How Pure Storage Stands Out in a Growing Market
Pure Storage provides next-generation flash-based storage solutions for on-premise and hybrid cloud environments. The company differentiates itself through a high performance-to-cost ratio, offering tailored solutions for everything from mission-critical applications like databases to long-term data archiving.
Their product lineup includes FlashArray and FlashBlade, targeting performance-sensitive workloads while also offering scalability and flexibility. These solutions are increasingly critical as companies deploy AI workloads that require fast access to large data sets.
As AI adoption grows, so does the need for fast, reliable, and energy-efficient storage. Pure Storage benefits directly from this trend by offering solutions optimized for containerized, cloud-native architectures. It also partners with hyperscalers such as Amazon Web Services (AWS), Microsoft Azure, and Google Cloud, helping them replace legacy hard disk drives with more advanced flash-based alternatives.
In addition, Pure Storage is actively shifting toward a subscription-based revenue model. This move enhances revenue stability, improves customer retention, and reduces volatility compared to traditional hardware sales — a strategic evolution that investors should applaud.
Explosive Revenue Growth and Improving Returns
Pure Storage has grown rapidly since going public. In 2014, the company posted just $200 million in revenue. By the most recent fiscal year, revenue had soared to $3.22 billion, representing a 48% compound annual growth rate (CAGR) over that period.
But revenue growth alone isn’t enough. What’s even more impressive is the trend in returns on invested capital (ROIC). In 2016, ROIC was a painful -84%. Today, it has rebounded to 3.2% — a remarkable turnaround. While still relatively low, the trend suggests improving efficiency and profitability.
This shift is particularly important for long-term investors, as companies that can generate high and rising ROIC are often able to compound shareholder value over time. Importantly, Pure Storage’s improving returns have come alongside reinvestments into AI-driven growth opportunities, which bodes well for future earnings power.
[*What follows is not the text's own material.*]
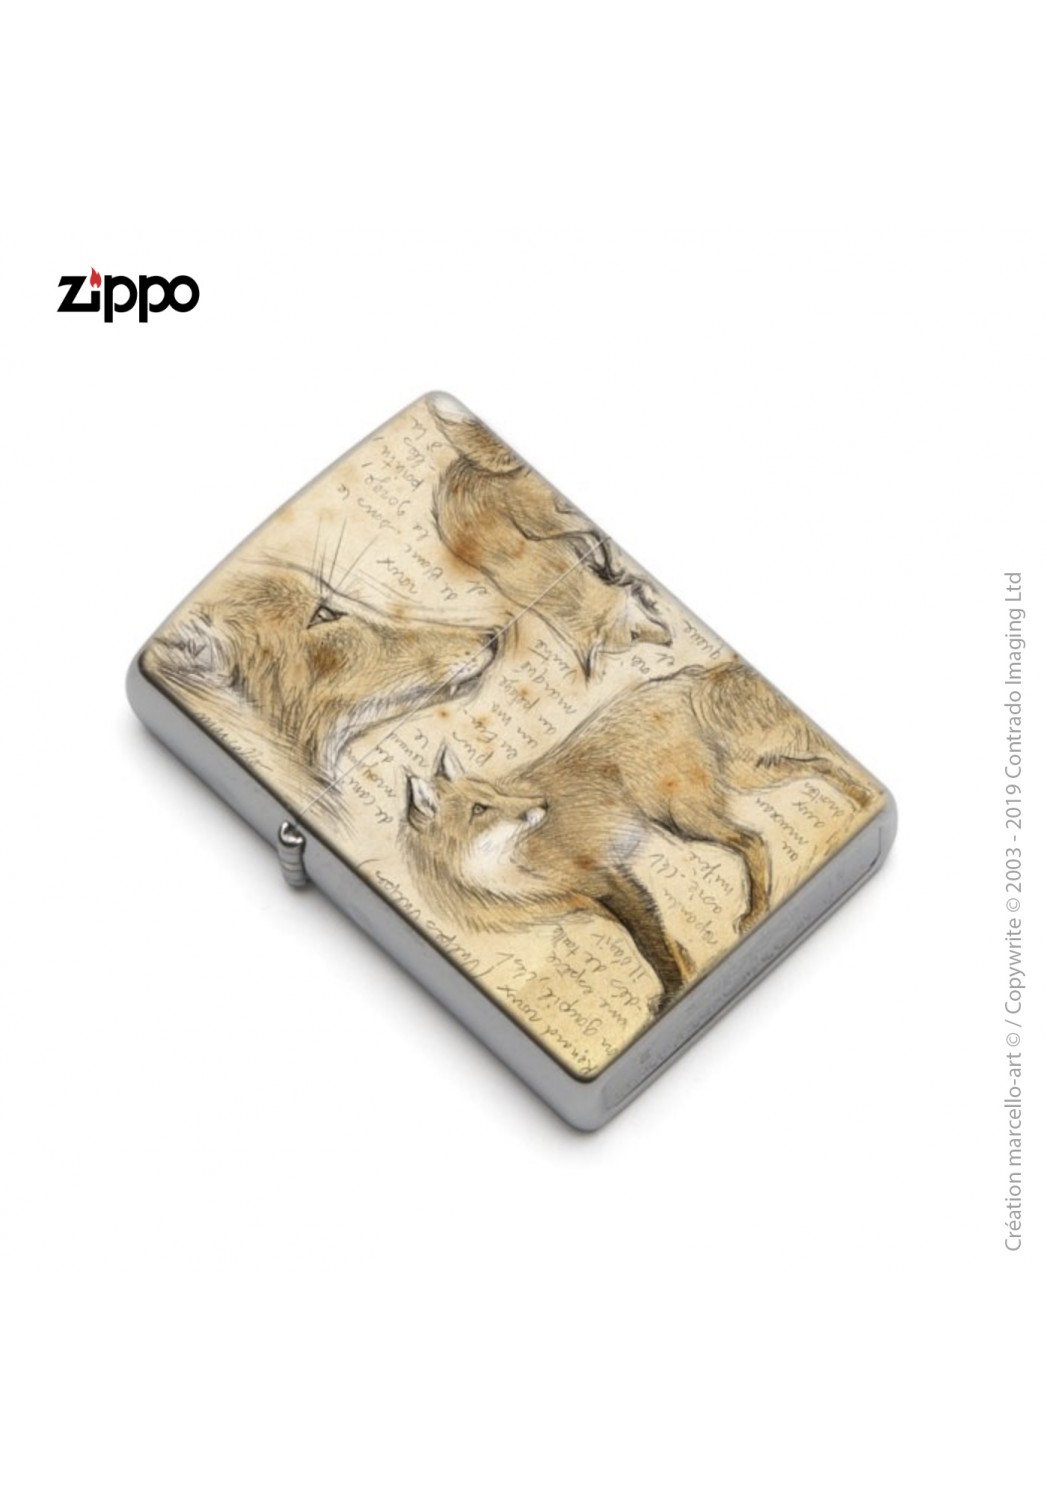 Marcello-art : Accessoires de décoration Zippo 336 renard roux

Cash Flow From Operations: A Key Strength
Operational cash flow is a powerful indicator of business health — and here, Pure Storage shines.
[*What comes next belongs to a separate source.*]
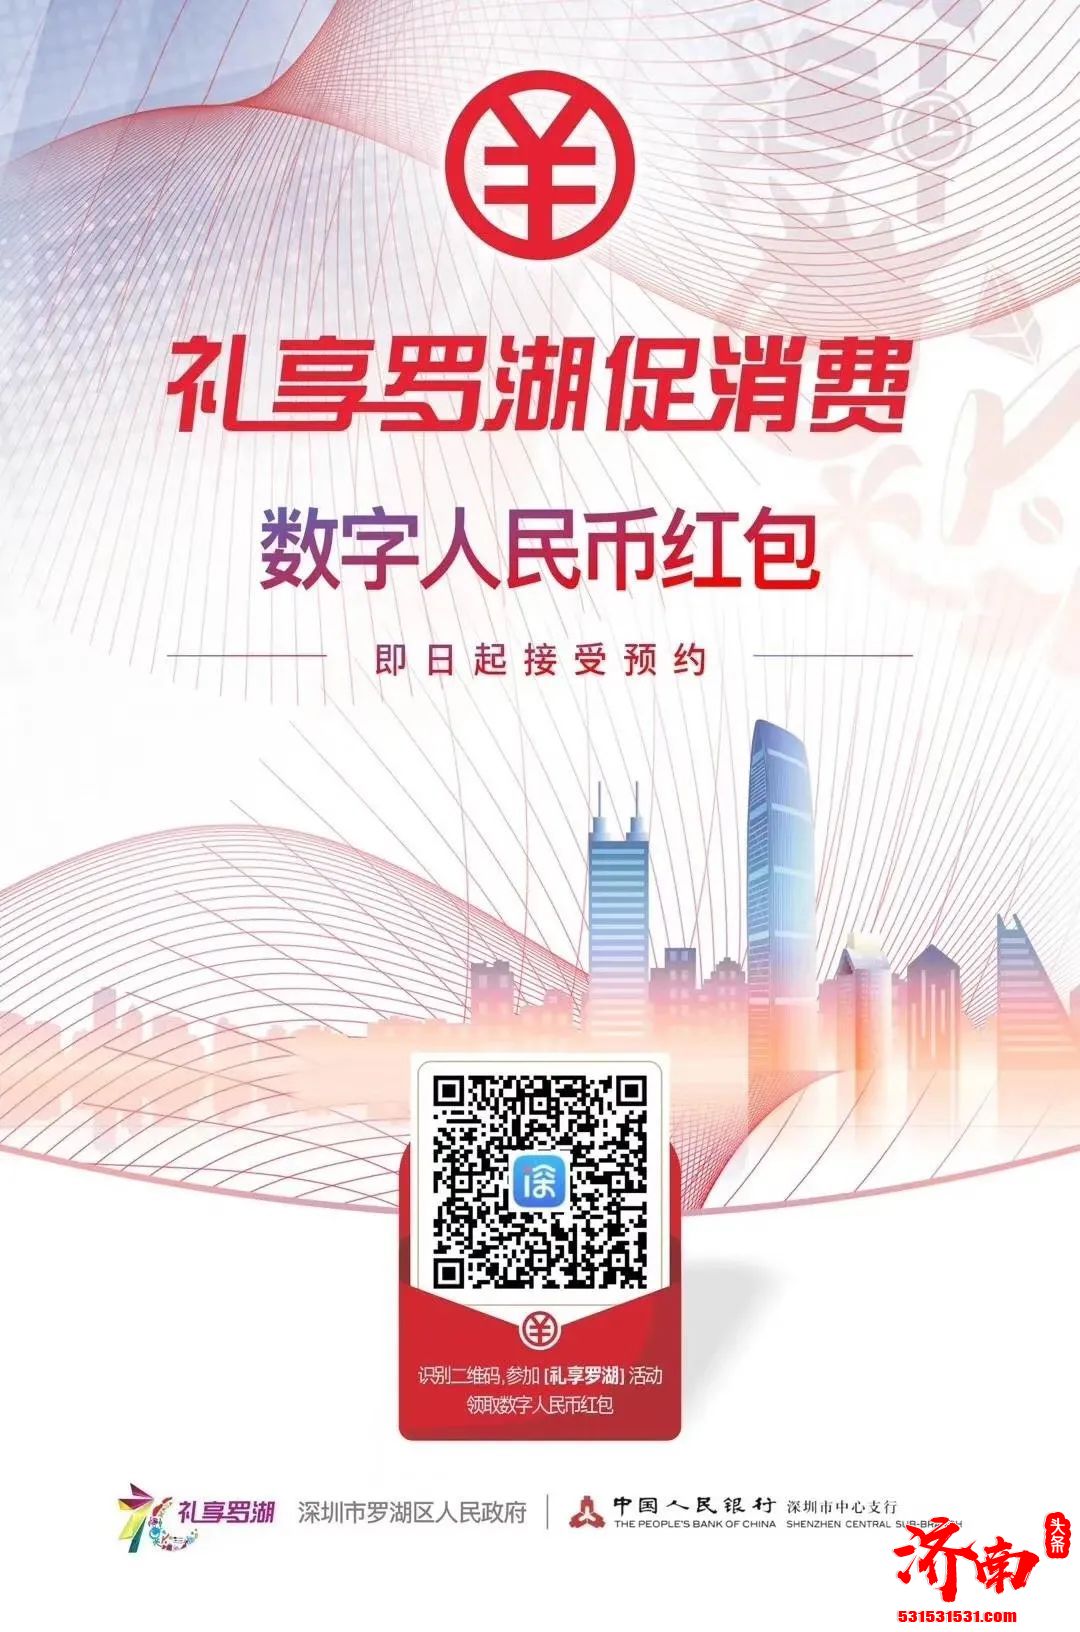 深圳市开展了数字人民币红包试点 A股有如下概念股值得关注

In 2013, the company was burning cash, with negative $100 million in cash flow from operations. Fast-forward to today, and that figure has flipped to $800 million, marking a dramatic improvement. This shows that not only is Pure Storage growing, it’s doing so profitably.
Positive and growing free cash flow gives the company more flexibility to invest in R&D, buy back shares, or even make strategic acquisitions — all of which can enhance shareholder returns.
DCF Valuation: What Is Pure Storage Really Worth?
To estimate the intrinsic value of Pure Storage, I created a proprietary discounted cash flow (DCF) model. After forecasting future free cash flows and discounting them back to present value using a 10.5% weighted average cost of capital (WACC), I estimate the company’s total business value at $19.8 billion.
This translates to an intrinsic value per share of $63.43. With the stock currently trading at $56.55, the data suggests the stock is undervalued relative to its long-term cash flow potential.
Why do we discount future cash flows?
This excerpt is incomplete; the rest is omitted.